(Beginning of MATERIAL PROVIDED)

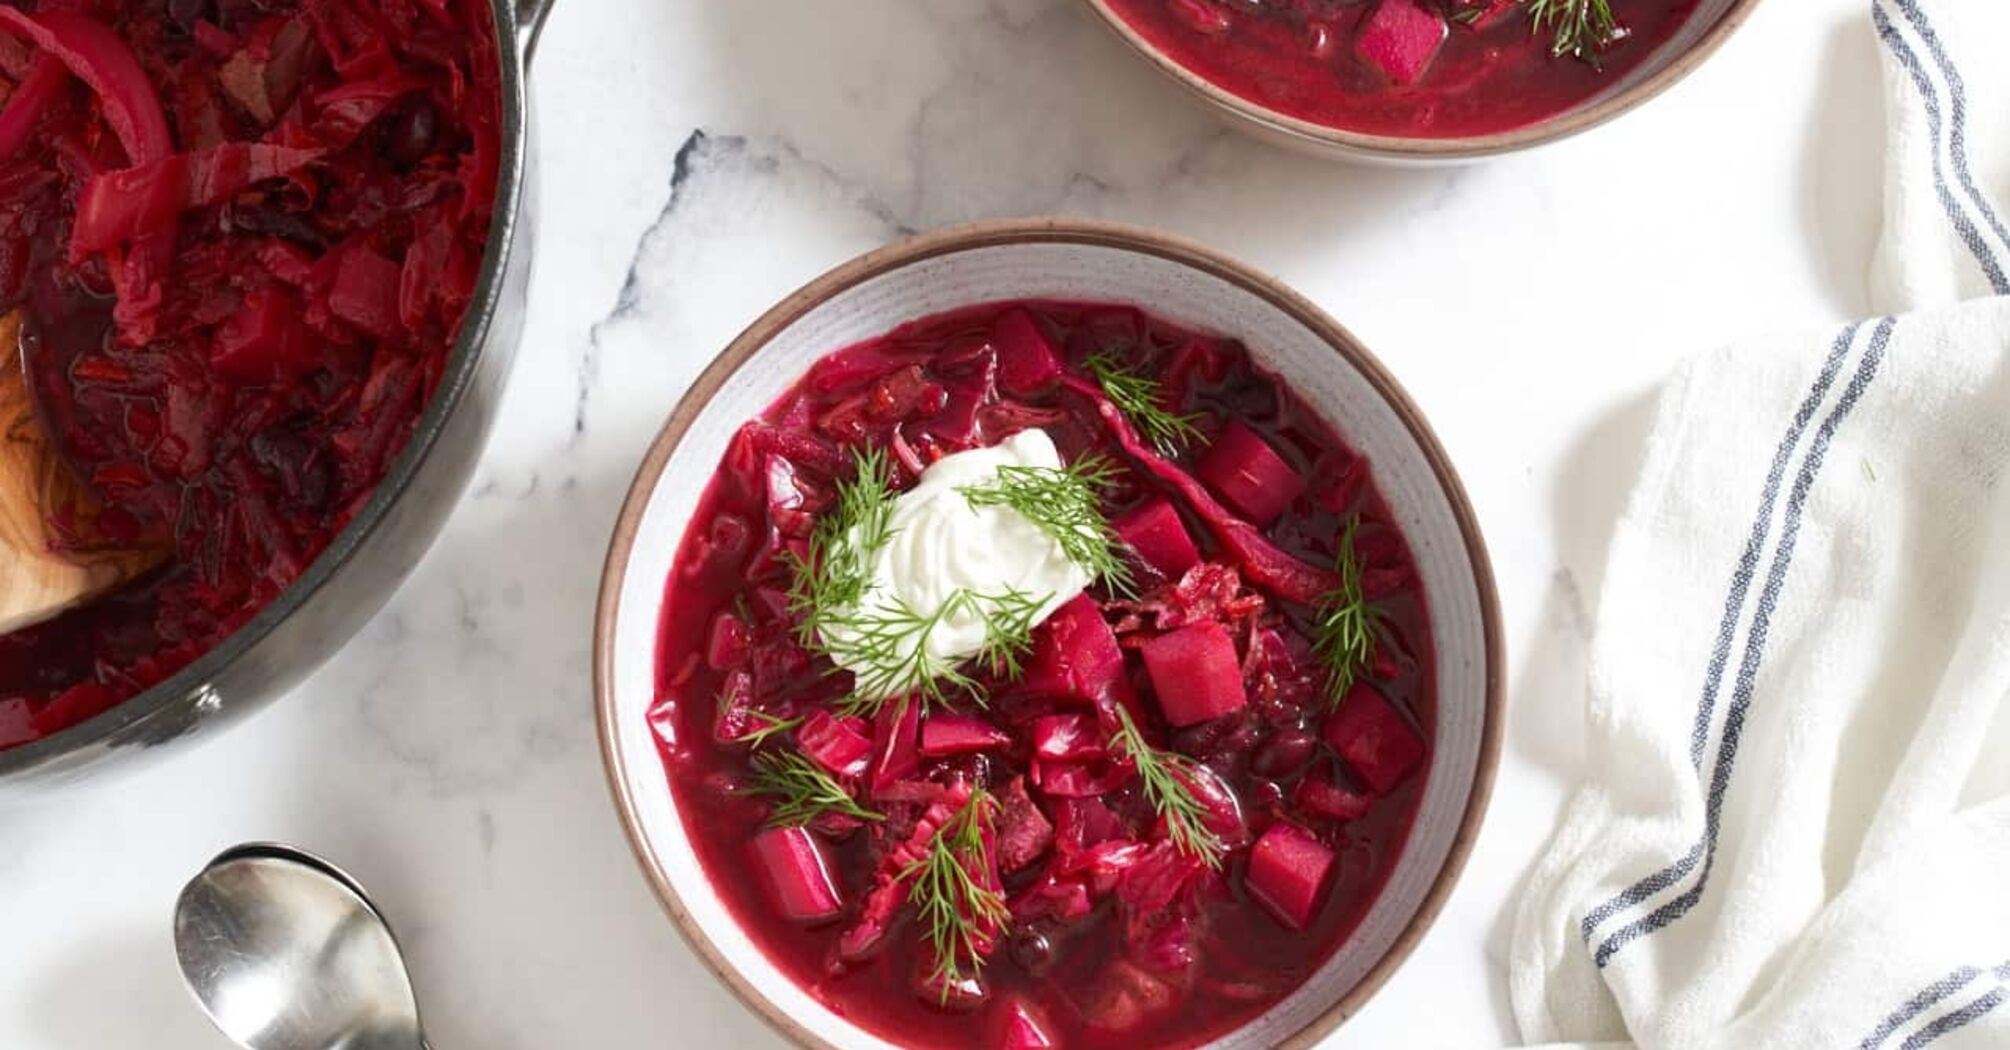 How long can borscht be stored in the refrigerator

(End of MATERIAL PROVIDED)
(Beginning of MATERIAL PROVIDED)

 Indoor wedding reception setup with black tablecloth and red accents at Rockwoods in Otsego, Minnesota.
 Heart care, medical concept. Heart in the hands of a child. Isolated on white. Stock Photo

(End of MATERIAL PROVIDED)
(Beginning of MATERIAL PROVIDED)

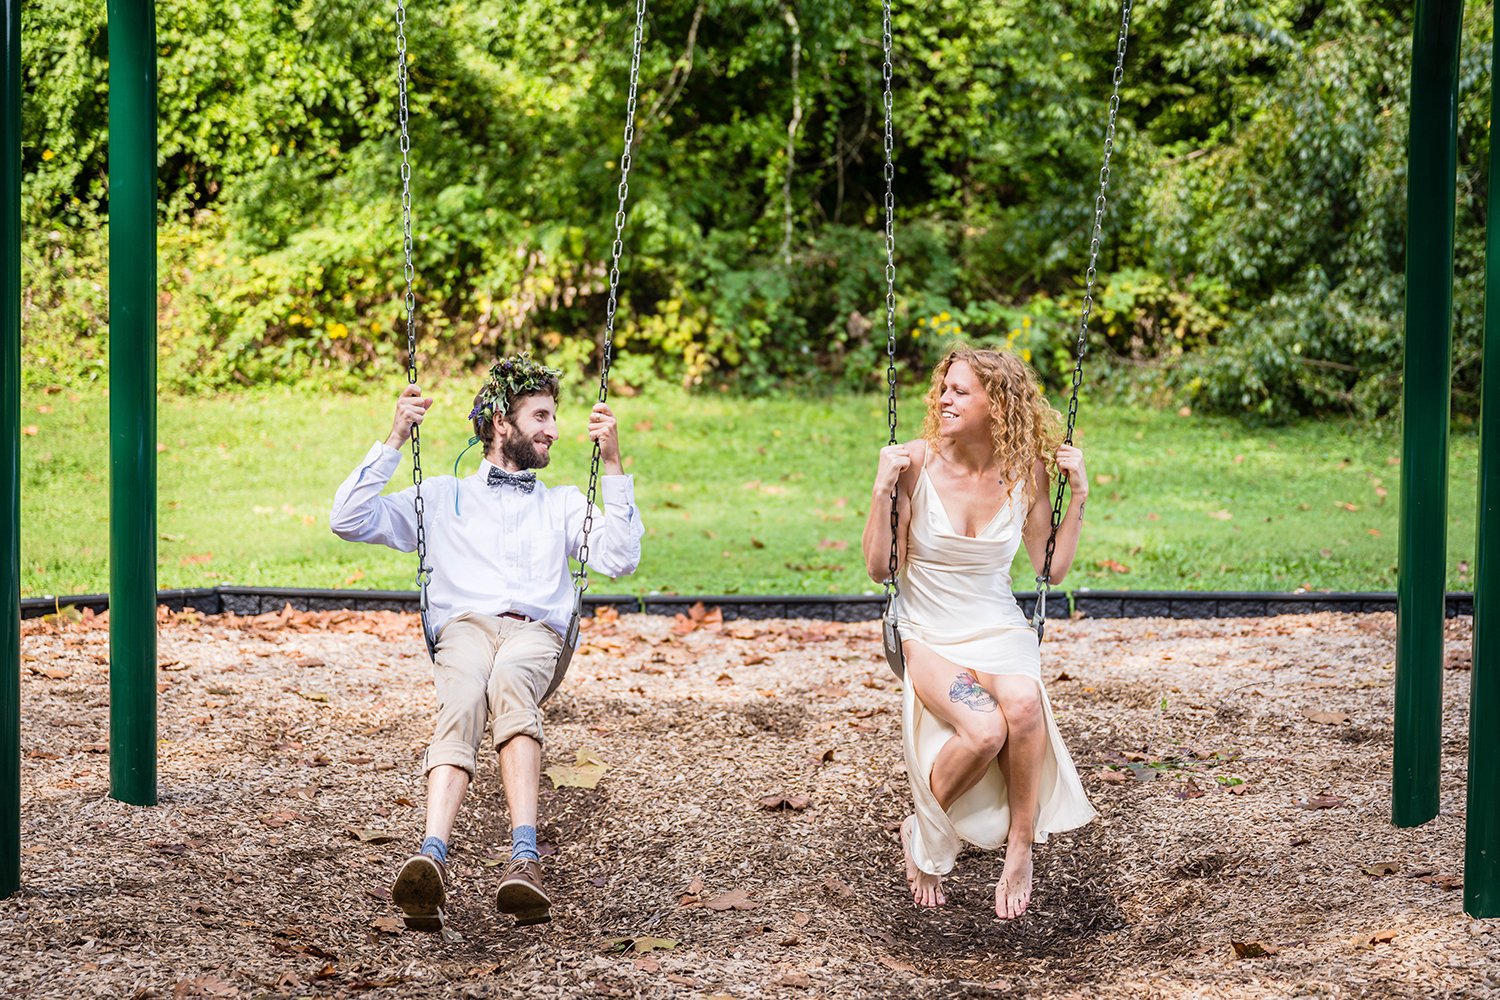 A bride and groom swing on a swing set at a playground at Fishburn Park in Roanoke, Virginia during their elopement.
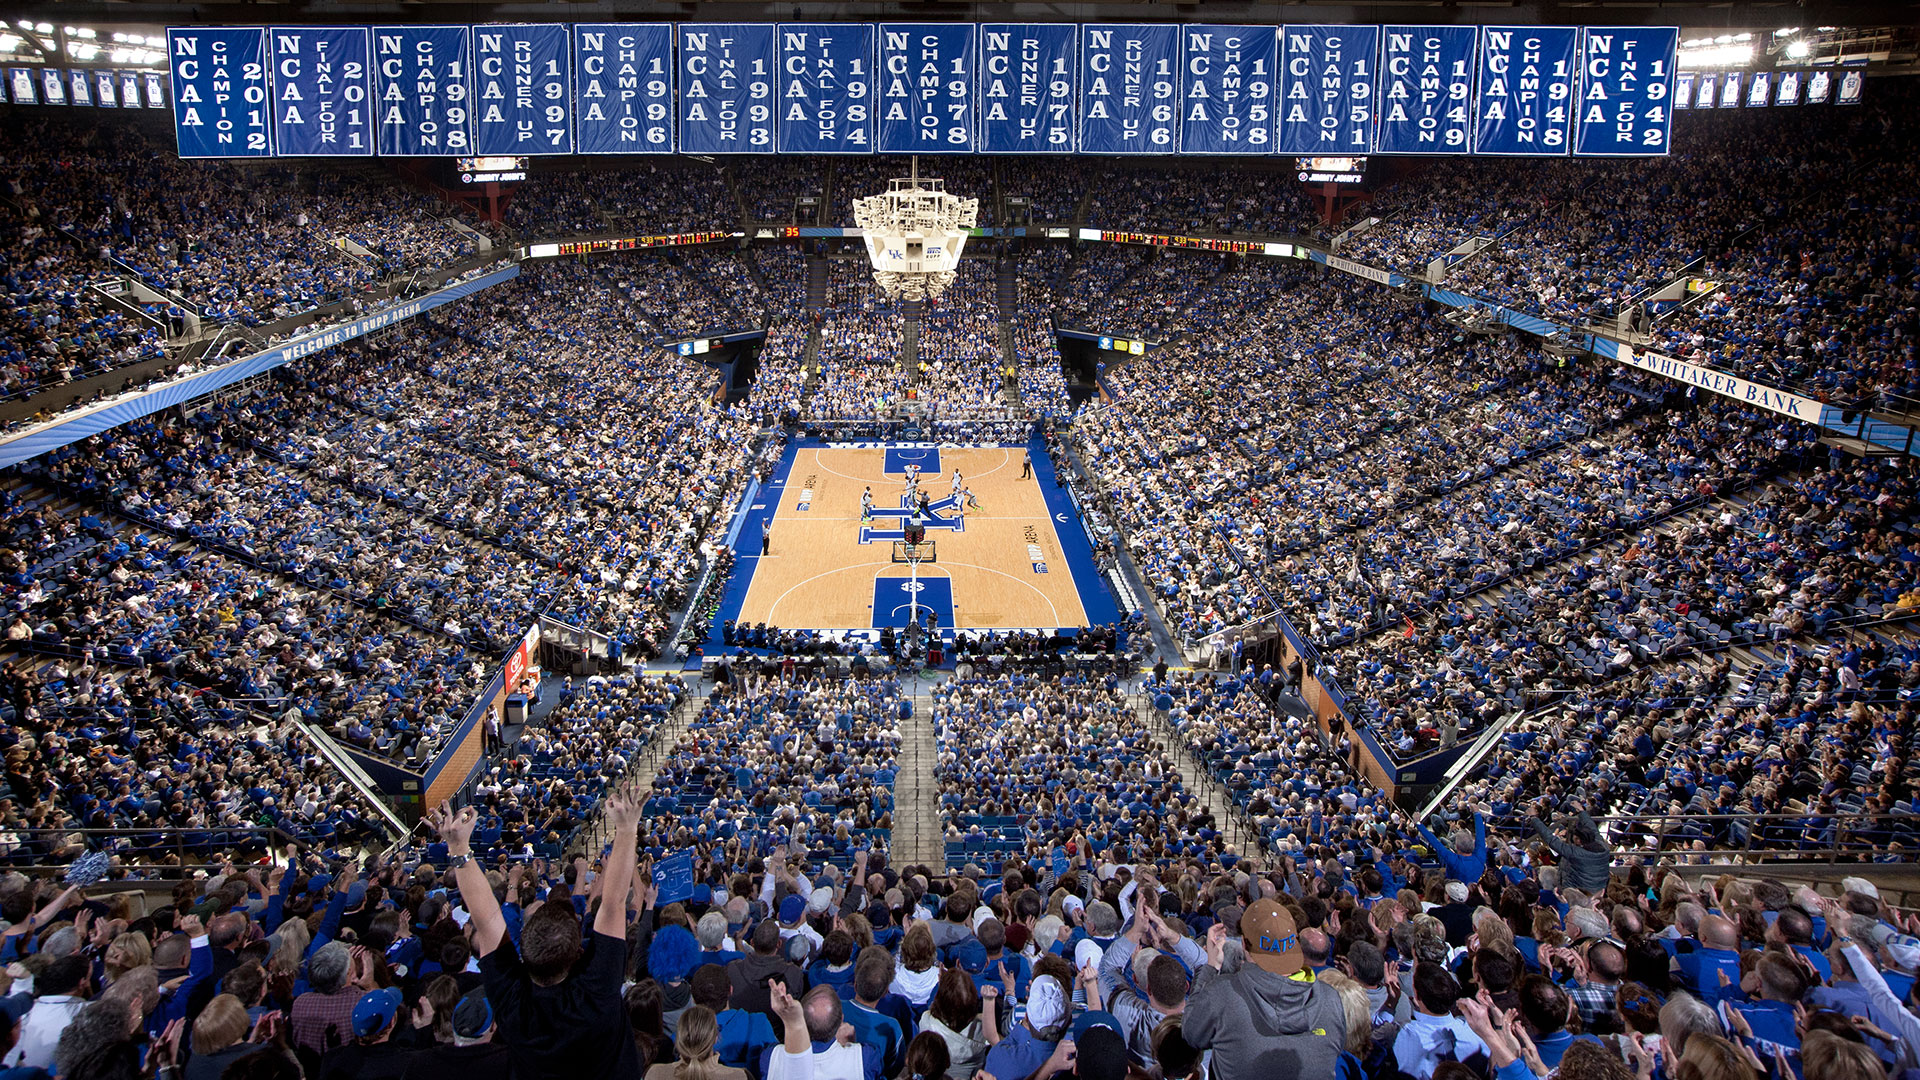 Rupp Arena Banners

(End of MATERIAL PROVIDED)

* _GOAL OF THE EXERCISE_: In the listing above, find the line with "Indoor wedding reception" and the line with "Heart care, medical". Output those two lines and every line between them, exactly as written.

* _RESULT_:
 Indoor wedding reception setup with black tablecloth and red accents at Rockwoods in Otsego, Minnesota.
 Heart care, medical concept. Heart in the hands of a child. Isolated on white. Stock Photo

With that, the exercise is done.